Mitral regurgitation is the most common form of valvular imcompetence. About 1 in 5 (20%) of people over 55 years, undergoing an Echocardiogram, have some extent of mitral valve regurgitation.


Mitral Regurgitation [MR] is the abnormal back flow or leaking of blood from the left ventricle to the left atrium through the mitral valve.

This is also called “Mitral Insufficiency”. In this condition mitral valve does not close completely. Similar to Mitral Valve stenosis, regurgitation also increases the size of the left atrium. Untreated MR can also lead to heart failure. Patients are usually asymtpomatic with mild Mitral Regurgitation. Patients with moderate to severe MR have abnormal rhythm problems and shortness of breath.

Mitral regurgitation (MR) is one of the most common valve diseases.

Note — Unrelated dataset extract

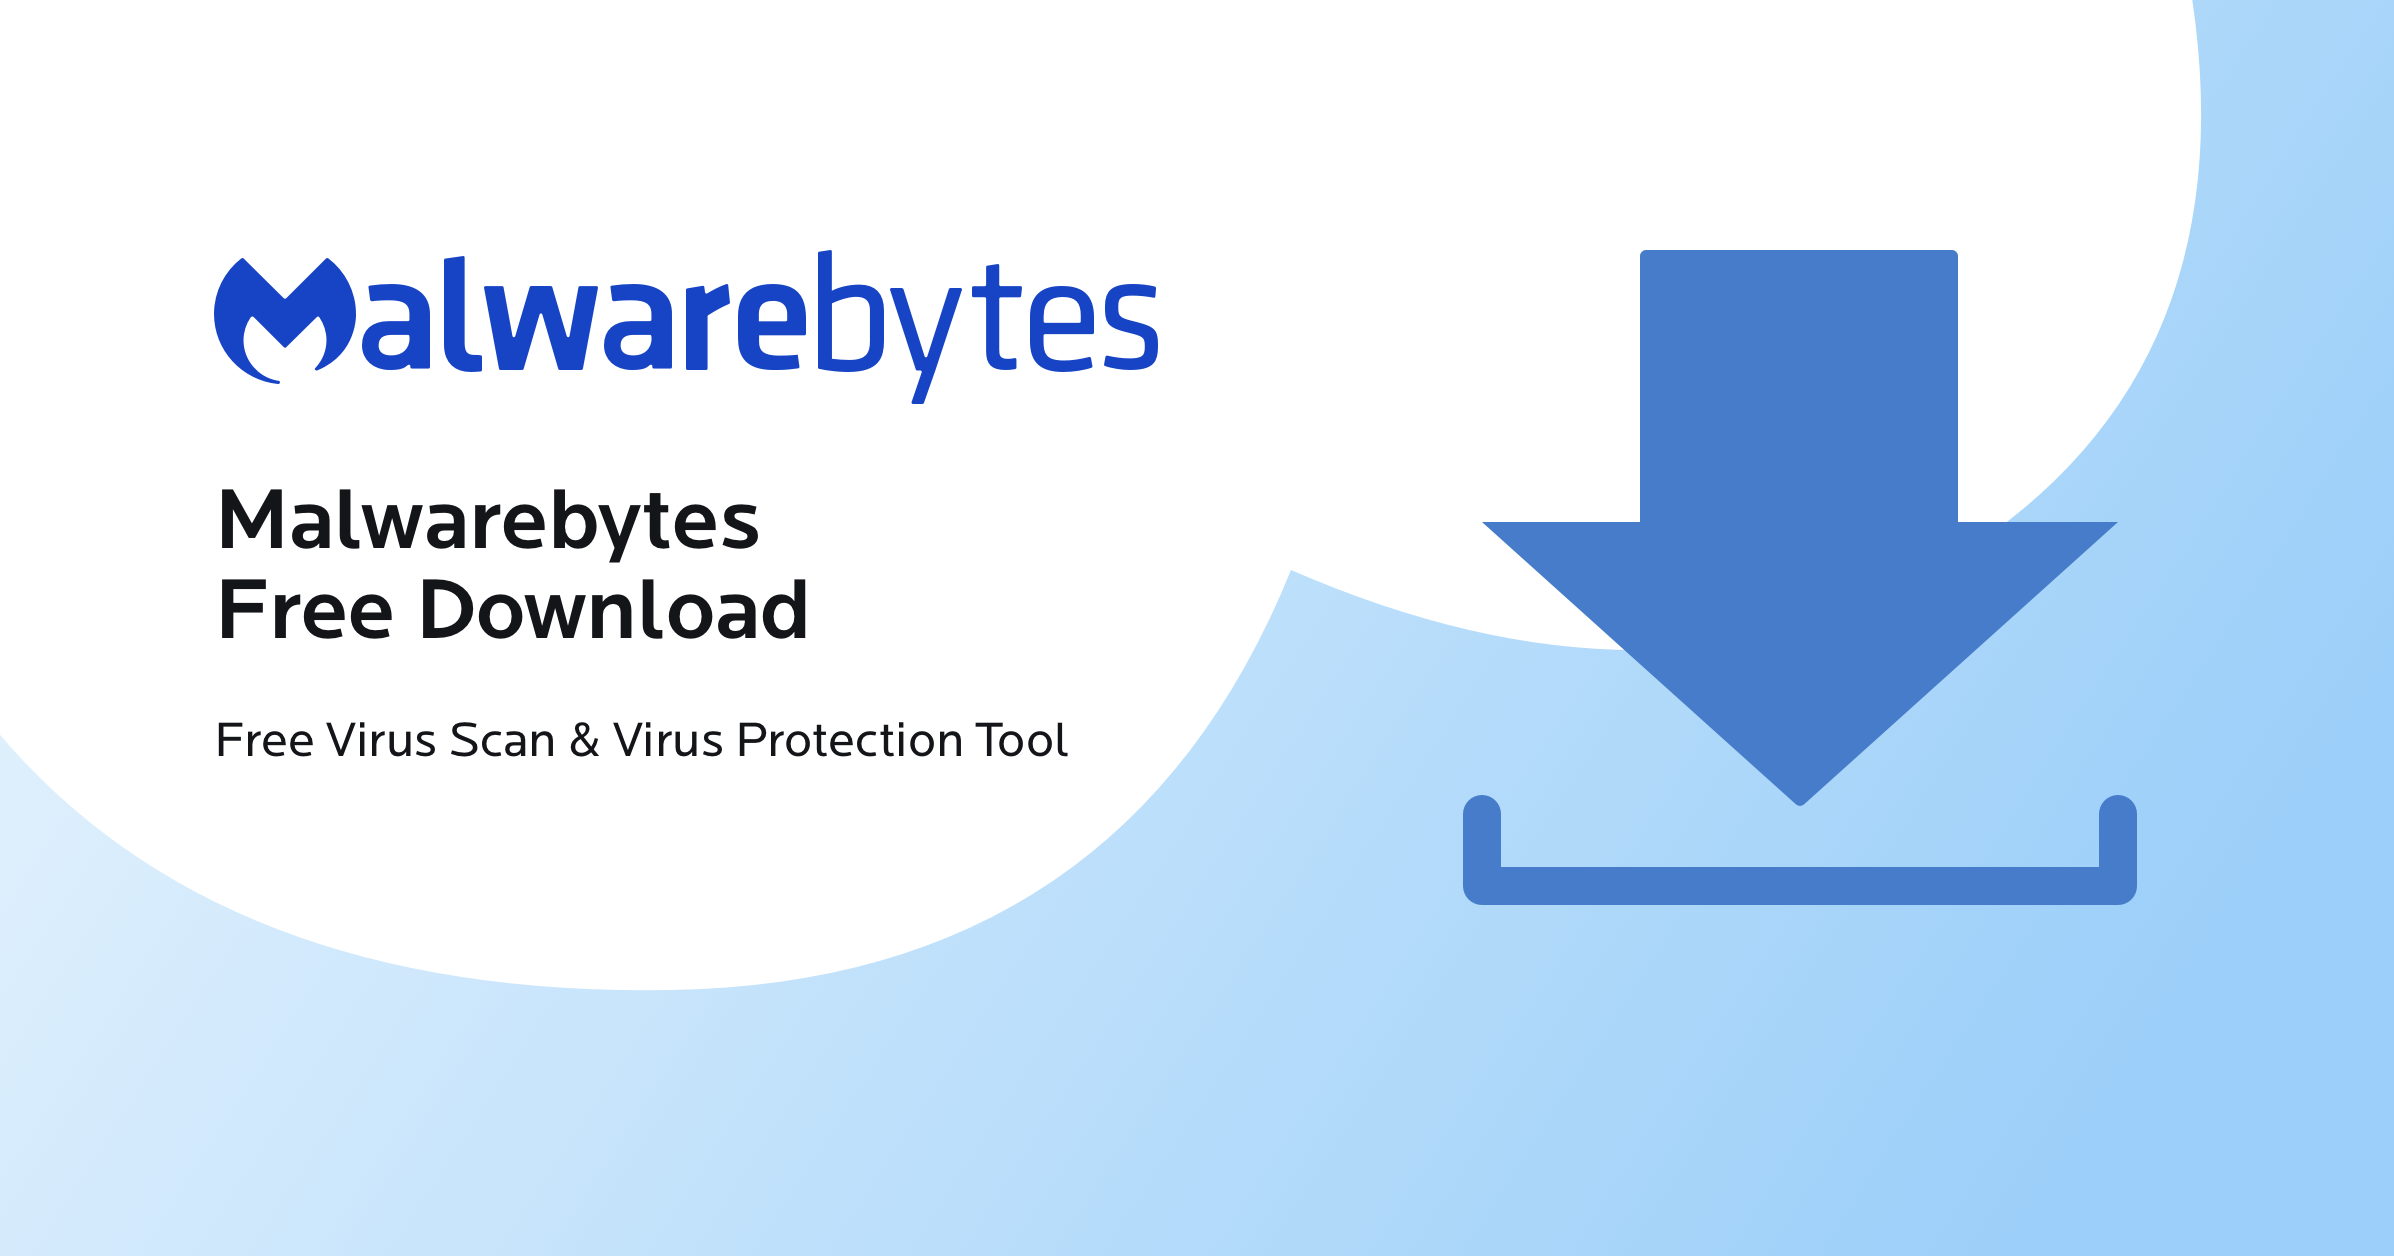 Download and install a reputable anti-malware program such as Malwarebytes
Run a full system scan

About 1 in 5 (20%) of all people over 55 years of age, undergoing an echocardiogram, have some extent of mitral valve regurgitation. It occurs in about 5 of 10,000 people in the United States. Mitral Valve prolapse and Myxomatous degeneration are the main cause of MR in the western world unlike the other developing countries where rheumatic heart disease is still the principal cause.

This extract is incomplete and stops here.